Syst Rev. 2015 Jan 14;4(1):6. doi: 10.1186/2046-4053-4-6.
A major problem arising from searching across bibliographic databases is the retrieval of duplicate citations. Removing such duplicates is an essential task to ensure systematic reviewers do not waste time screening the same citation multiple times. Although reference management software use algorithms to remove duplicate records, this is only partially successful and necessitates removing the remaining duplicates manually. This time-consuming task leads to wasted resources. We sought to evaluate the effectiveness of a newly developed deduplication program against EndNote.

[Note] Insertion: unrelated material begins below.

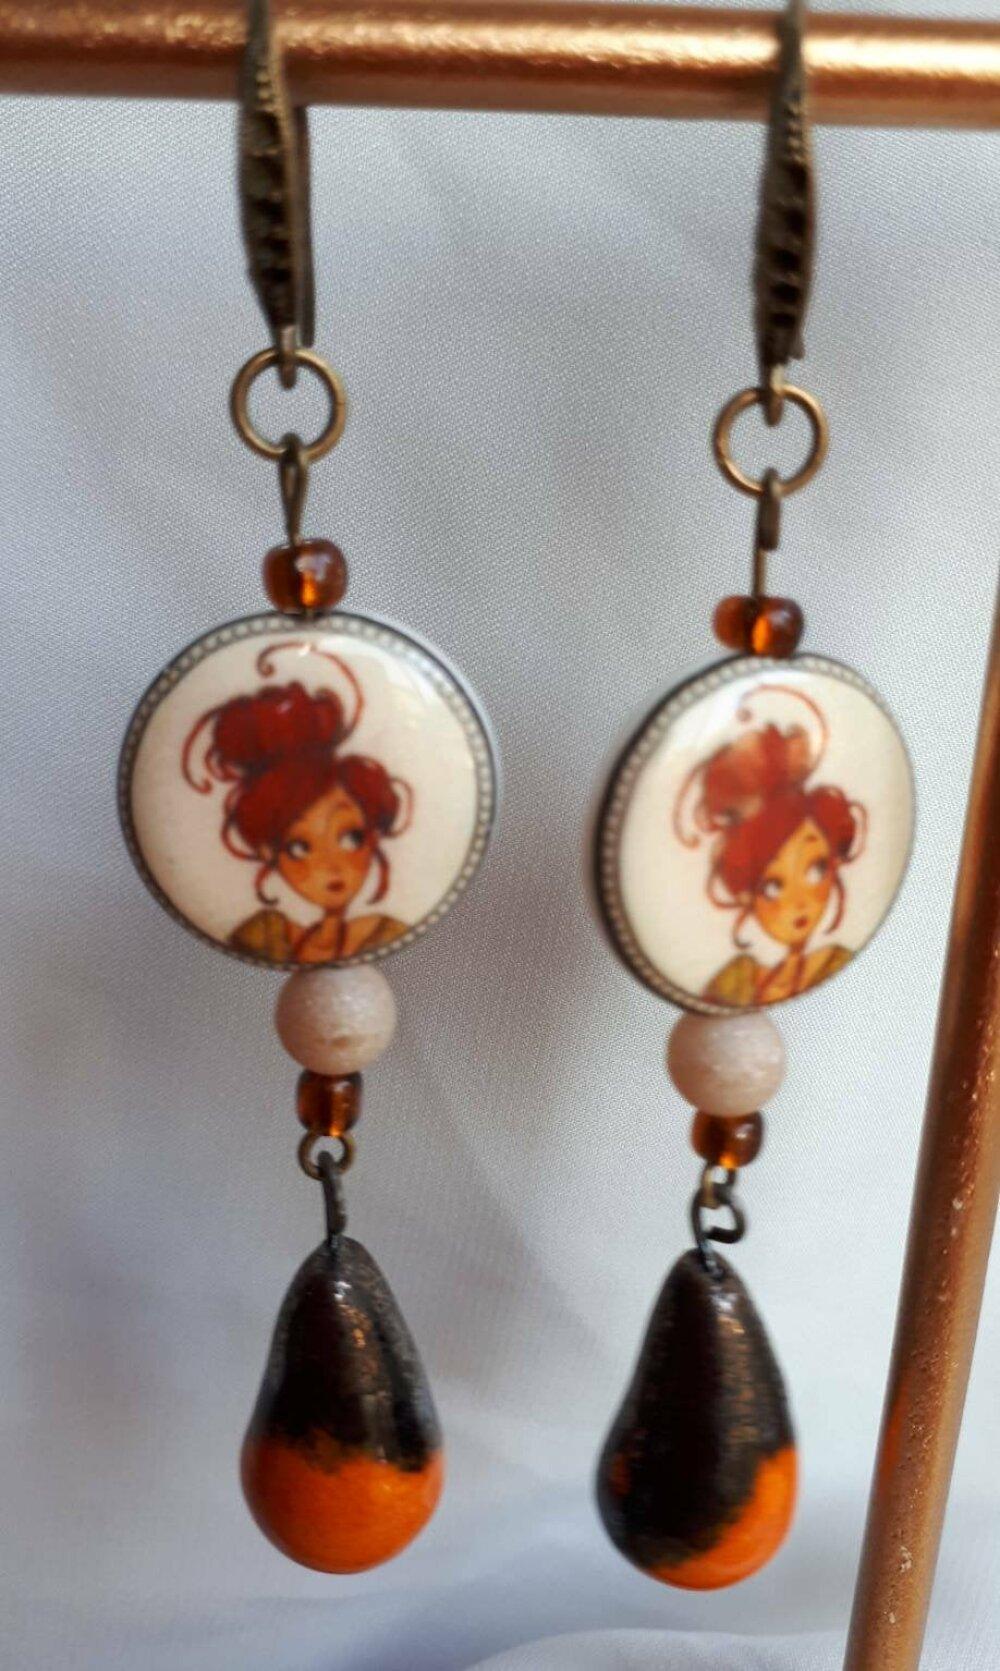 Boucles d'oreilles pendantes fantaisie perles porcelaine blanc orange breloque artisanale céramique orange noir

A literature search of 1,988 citations was manually inspected and duplicate citations identified and coded to create a benchmark dataset. The Systematic Review Assistant-Deduplication Module (SRA-DM) was iteratively developed and tested using the benchmark dataset and compared with EndNote's default one step auto-deduplication process matching on ('author', 'year', 'title'). The accuracy of deduplication was reported by calculating the sensitivity and specificity. Further validation tests, with three additional benchmarked literature searches comprising a total of 4,563 citations were performed to determine the reliability of the SRA-DM algorithm.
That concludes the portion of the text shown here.